In 2017, SK Most Group of Companies began working on broadening the Sakhalin Oblast region railroad section of the Far Eastern Railway. The project is to be completed by 2020.

In January 2019, the company completed the construction of a number of units in the, Sabetta Arctic Port, which is part of the large-scale Yamal LNG project. As part of the Baikal–Amur Mainline and Trans-Siberian Railway modernization project, SK Most Group of Companies is involved in the construction of the second line of the Baikal tunnel, which will double the carrying capacity of the site and significantly expand the rail traffic volume of the East Siberian Railway.

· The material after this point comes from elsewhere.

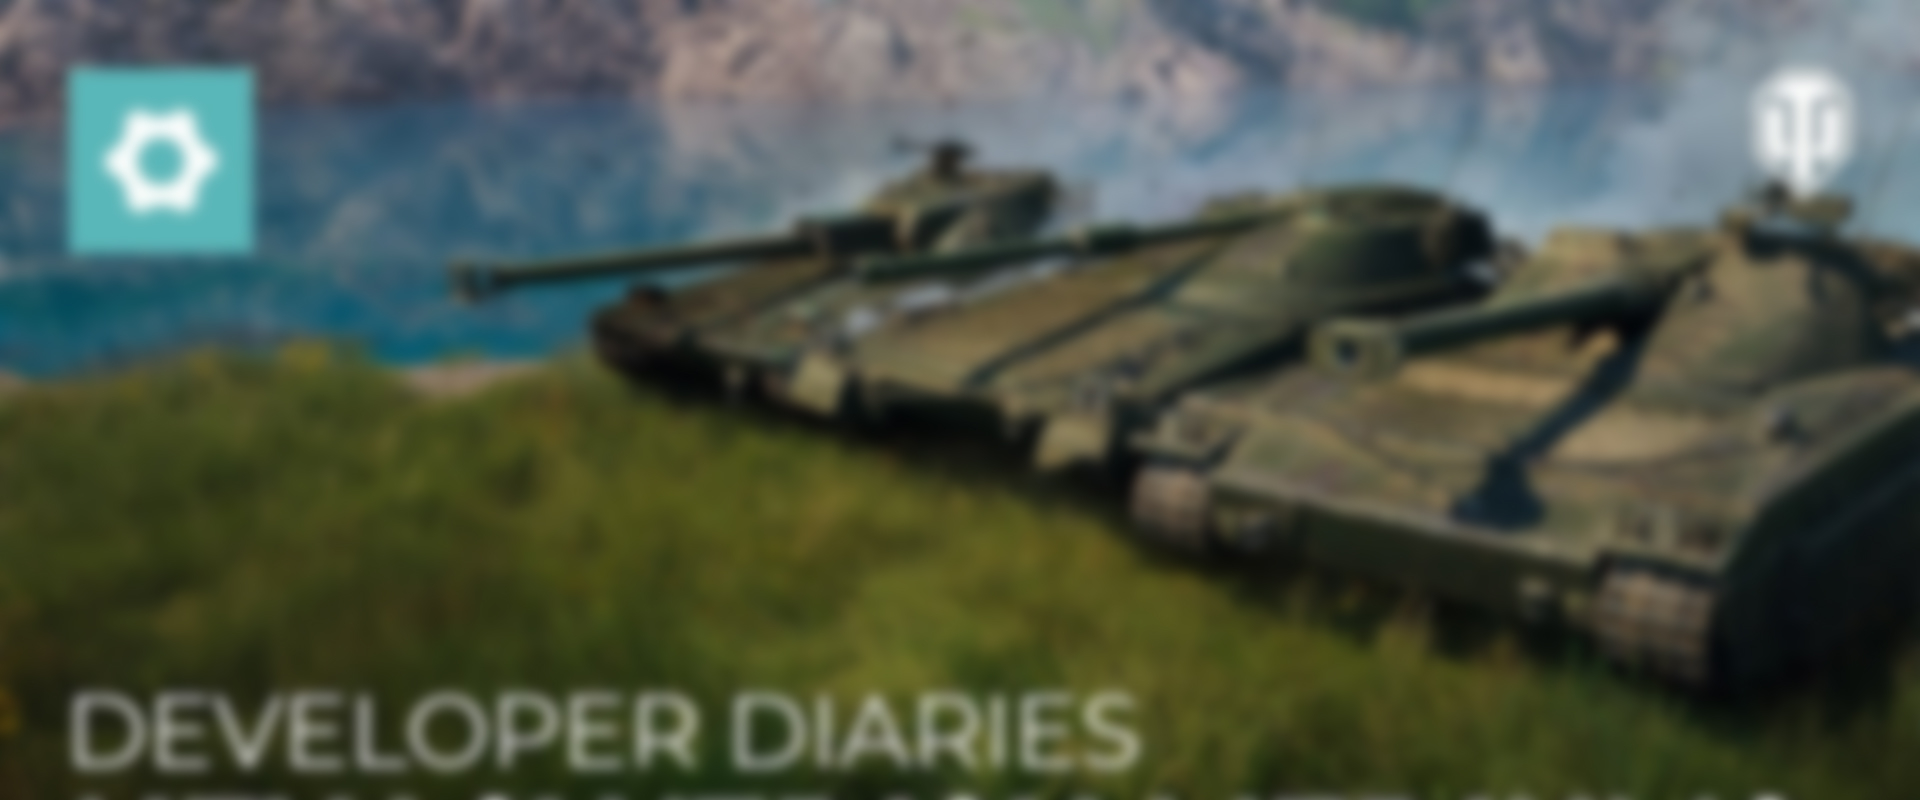 Egyenesen a fejlesztőktől: Részletes bemutató a svéd közepes tankokról!

Since 2017, SK Most Group of Companies had been involved in the construction of large (length of 2,936 meters) and small (length of 329 meters) viaducts on the Stara Pazova — Novi Sad section as part of the reconstruction and modernization of the Belgrade — State Border double-track railway in the Republic of Serbia. In April 2020, during a visit to the construction site, Serbian President Aleksandar Vucic called one of the viaducts 'the most beautiful' and expressed great gratitude to the workers of SK Most for their professionalism, saying 'we are building a future that will remain in history’. In 2021, the construction of the viaducts was completed.

=== E-commerce ===
In 2016, Baisarov proposed the creation of a nationwide marketplace similar to the Chinese Alibaba as well as a payment system that would compete with Visa and MasterCard in the Russian Federation. According to the businessman, this platform should have ensured the transparency of the public procurement system, support for small and medium-sized businesses by providing access to foreign and Russian markets through the platform. However, the idea was rejected by the Ministry of Economic Development.
In August 2016 he provided a loan to PimPay, a Russian fintech services company. In September 2016, the main owner of the company, Evgeny Chernov, pledged his share (84.55%) to Baysarov as security for the loan. According to the company, in August 2018, 2.5 thousand online stores used its services, which each month send about 700 thousand orders to customers for a total amount of over 3 billion rubles.

=== Sanctions ===
He was sanctioned by the UK government in 2022 in relation to the Russo-Ukrainian War.

== Personal life ==

Baisarov is married and the father of six children.

In a 2009 charity auction, Baisarov acquired the right to cast a female role in the film Stalingrad by Russian director Fyodor Bondarchuk for €200,000. The money went to support children suffering from cancer.